If you haven’t yet seen it, enjoy the wonderful Jo Brand educating the male panellists on Have I Got News For You last night. I expect Quentin Letts to be an unrecontructed dinosaur, but I was disappointed by Ian Hislop’s off-hand snarky remark.
https://www.youtube.com/watch?v=rKdpZ-MKsQE
@Graham: Agreed. But in my book Ian does get a fair amount of credit[0] for immediately conceding the point, rather than getting defensive and doubling down.
[0] Not as much credit as he lost for making the point in the first place, granted, but a fair amount of it.
“[T]hat men have a psychic need to distinguish themselves from women in order to feel good about themselves” – As a man, may I say that this is a fine thing to reject? That, if a man needs to distinguish himself from women in order to feel good about himself, he’s got some disturbing issues about his self-image?
Granted, my own expression of sexual identity is best summarized as an indifferent shrug, but goodness – if you think you have to mark yourself off from womankind on a deep psychic level to be okay with you, you’re not right. You’re not supposed to be helped accomplish that – you’re supposed to be helped get over that.
And if your opportunities for sex all run into being a bit too close to rape and harassment, well, do please prepare for a long stint of celibacy while you revise your approach – much like those whose opportunities for money all run into legal problems regarding definitions of burglary, assault, kidnapping, etc.

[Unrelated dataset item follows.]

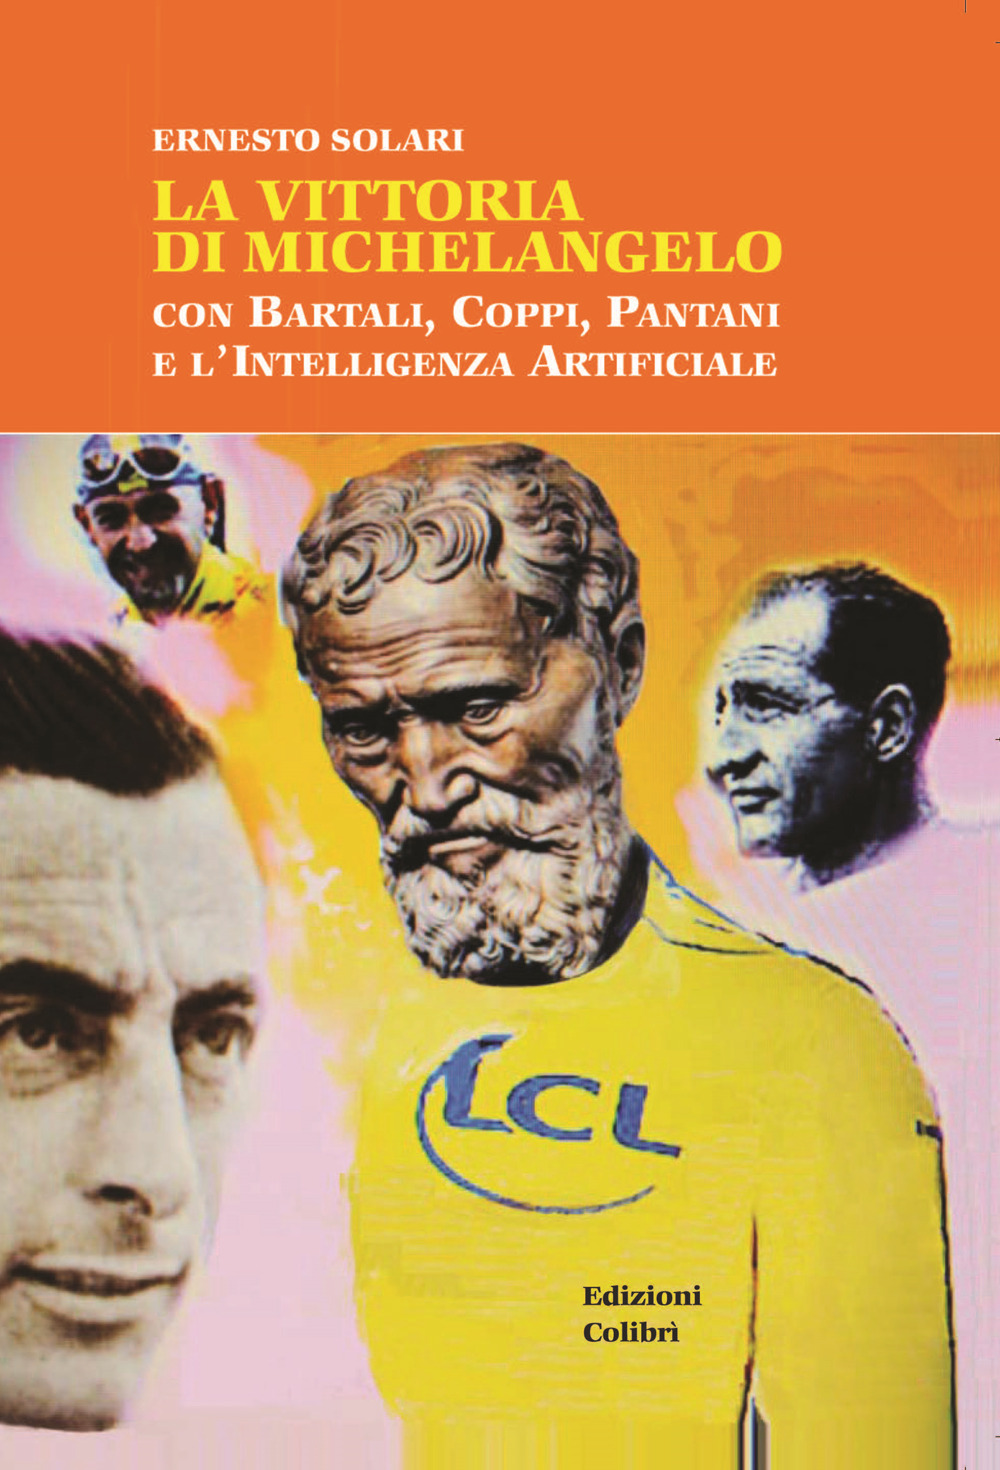 La vittoria di Michelangelo con Bartali, Coppi, Pantani e l'Intelligenza Artificiale

Honestly, not being a jackass shouldn’t be that hard!
#5 beat me to it. I think the last time I felt something like a need to distinguish myself from women to feel good about myself was about 50 years ago, when I was going through the “girls are icky” phase (is that still a thing?). Somehow, I managed to grow out of it. Men like Murray are admitting that they’re permanently stuck at a single digit emotional age.

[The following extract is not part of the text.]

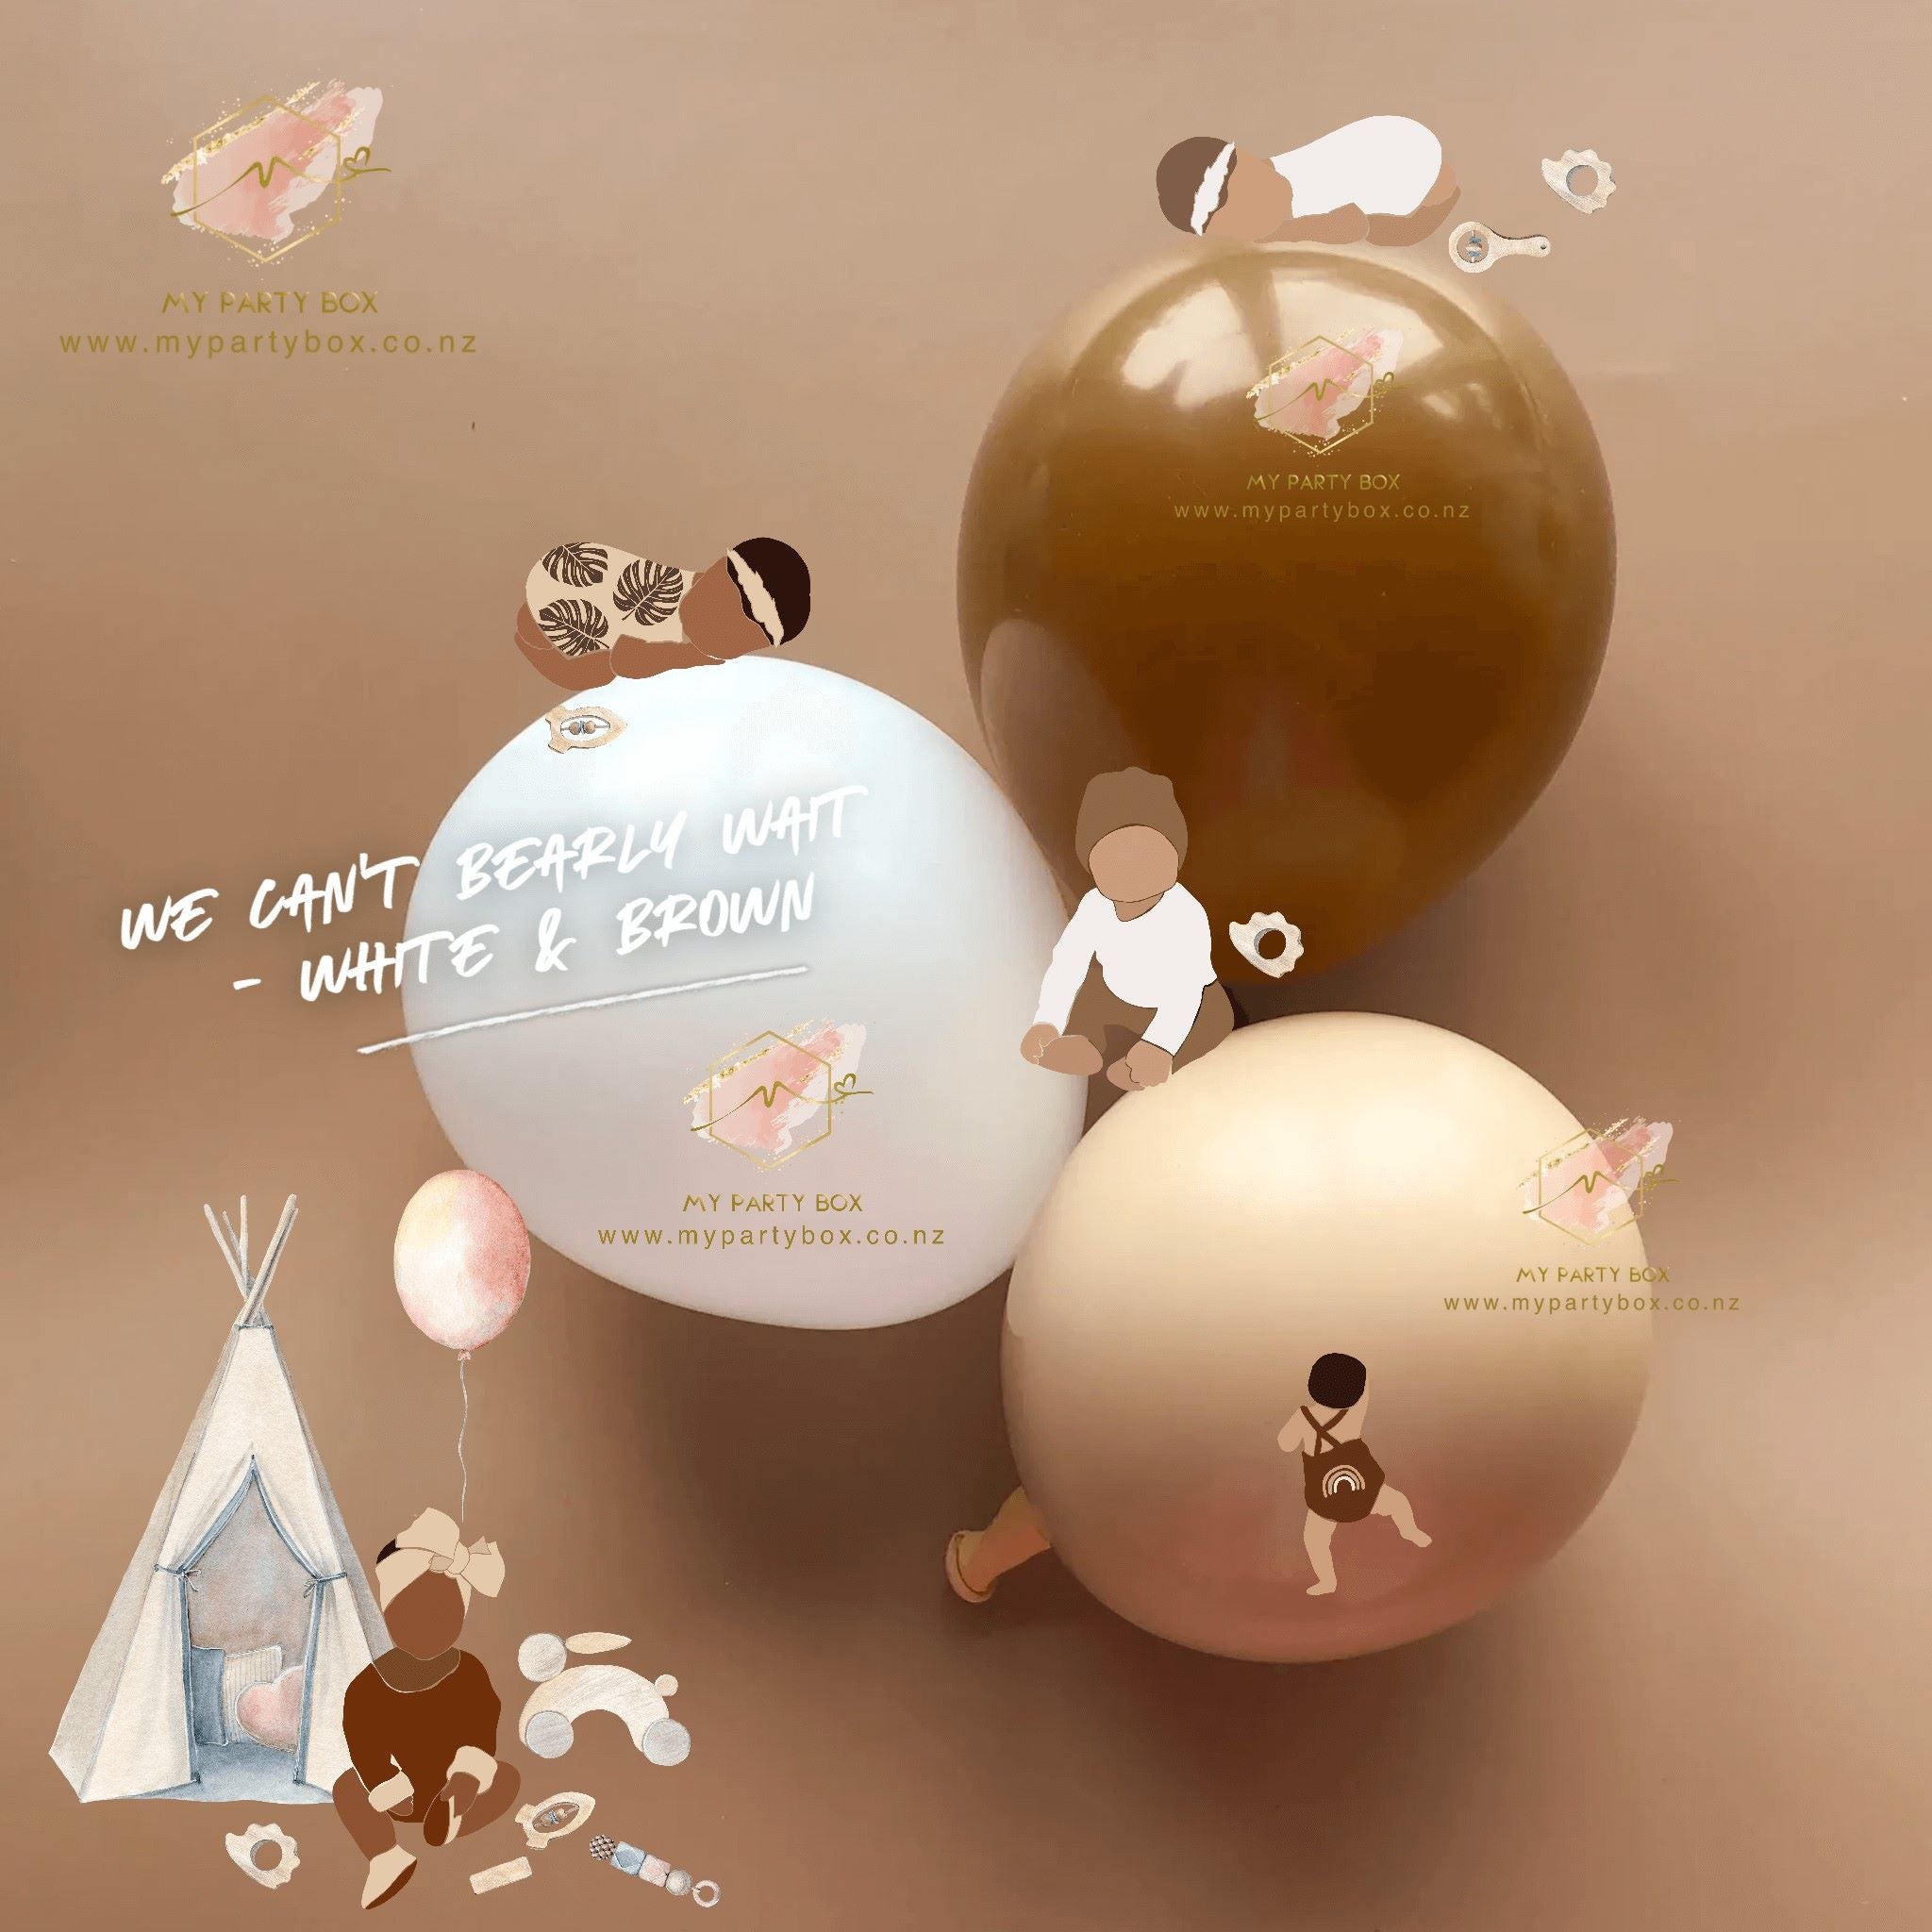 We Can't Bearly Wait Gender Reveal Balloon Garland DIY Kit - White, Blush & Brown Latex Balloons

It’s baffling to me how many people (including none too few women) are working so hard against the idea that women should only have sex when and how they want to, and should be treated with respect in all situations.

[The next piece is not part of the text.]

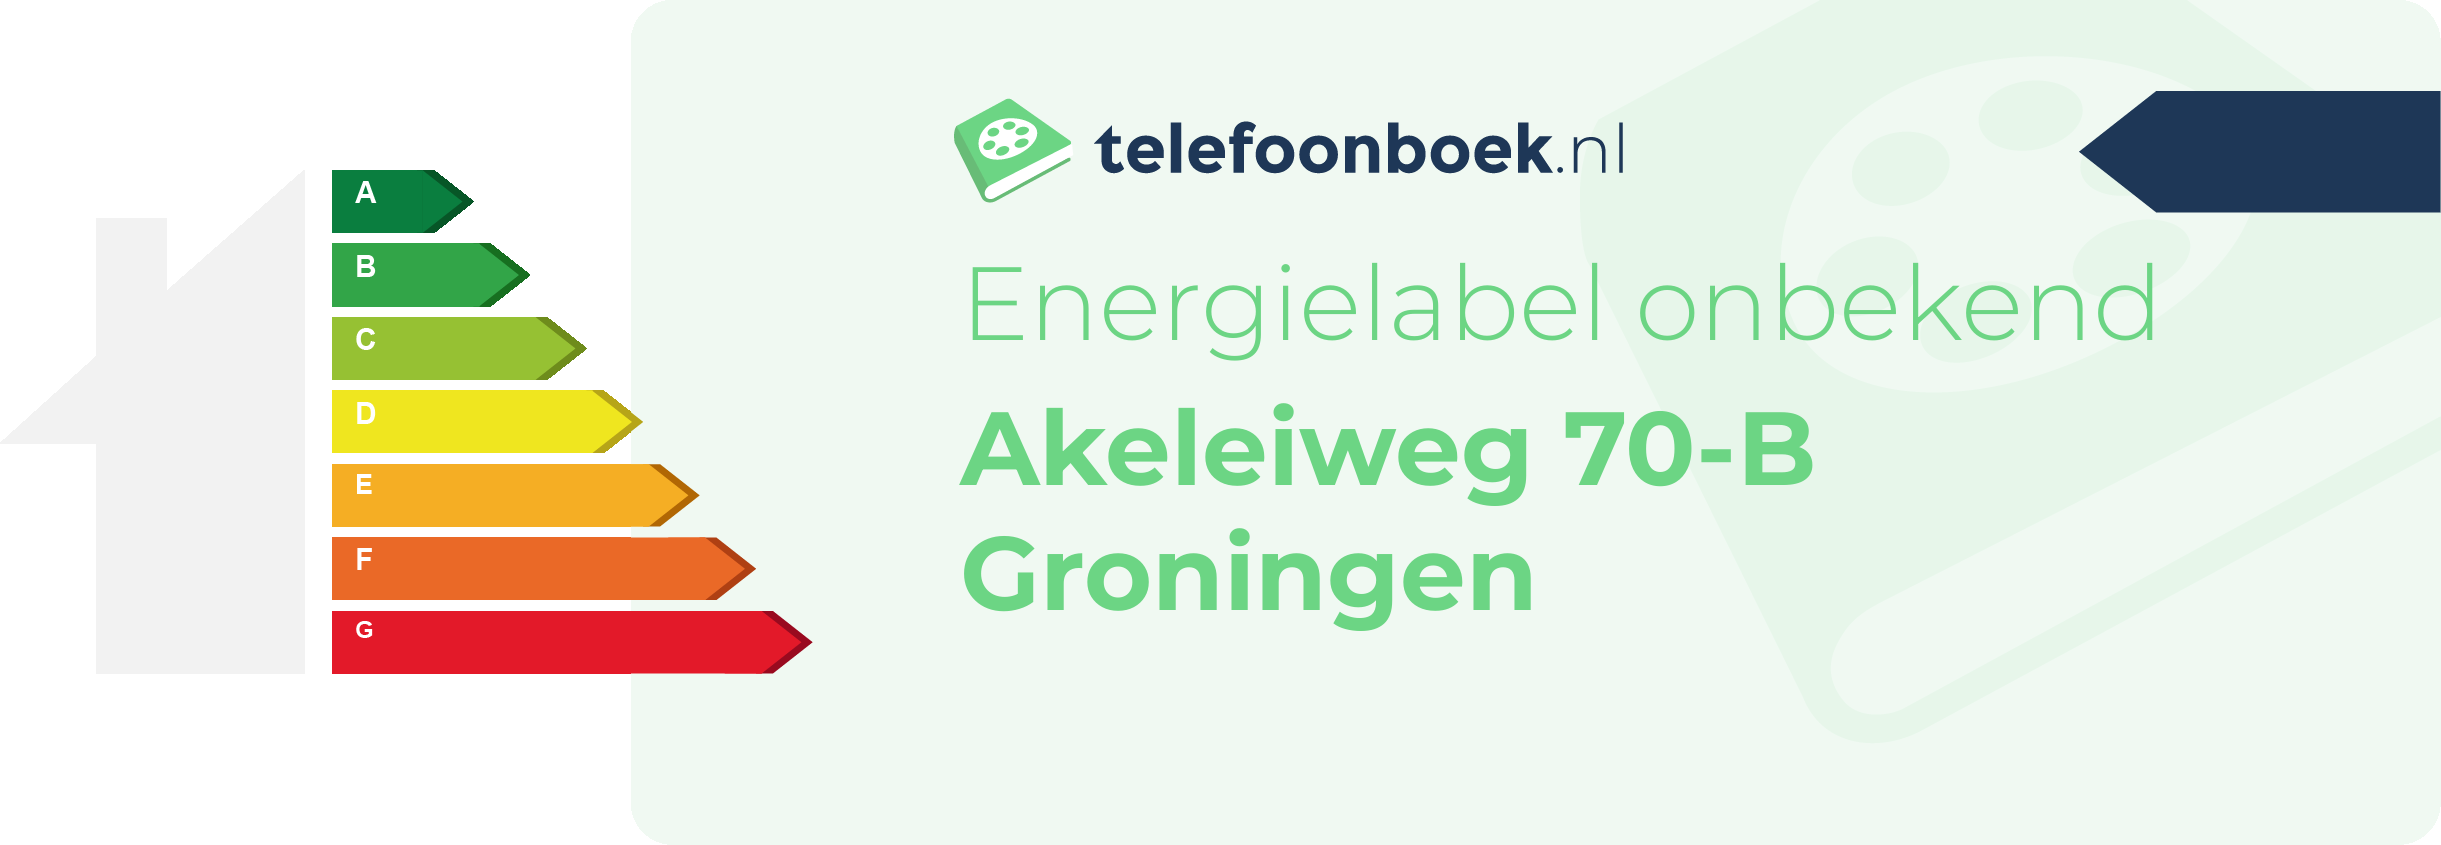 Energielabel Akeleiweg 70-B Groningen

It really annoys me that this is how the incident is described by practically everyone. It’s so dismissive. What actually happened is that he repeatedly put his hand on her knee, under the table, after she had asked him to stop.
Even so, it is seriously unlikely that incident alone would have led to the resignation of a cabinet minister, at least not so quickly. Other allegations are being made and at this point it seems virtually certain that there are more to come.
What is absolutely certain is that he didn’t just resign because he once absent-mindedly and “in different times” accidentally brushed his hands against a woman’s knee.
If only he were the “father of daughters” none of this would have happened….
Brand’s response was excellent.
I’m not defending Hislop – he’s said some idiotic things about women in the past – but it’s possible that his comment kind of came out a bit wrong in the edit. I got the sense that he was reacting to the headline “Tory MP takes his personal trainer to the cinema” which as and of itself as a headline isn’t particularly damning.
I don’t know the story behind that but presumably that was inappropriate. Hislop should have realised that. But anyway the charitable interpretation is that he was laughing at the seemingly incongruous headline. He did say “some of these” stories, of course, so I could be talking bollocks. Brand’s response was spot on either way.
‘…the idea that women should only have sex when and how they want to,’
That ‘sexual revolution’ would only have been real if that had been the starting point. As it was, all that happened was that antibiotics and contraception gave Bronze Age patriarchs more opportunities.
The injunction “Don’t grope women” is …torture? What a fucking idiot.
It doesn’t even have to be an injunction. A mere suggestion is apparently torture. “Guys, don’t do that”.
BURN THE WITCH! BURN HER BEFORE SHE DESTROYS THE HUMAN RACE’S ABILITY TO REPRODUCE!
How hard can it be? The boundaries of who, when, and how someone gets to touch (or otherwise control) someone else’s body get set by the person who owns the body.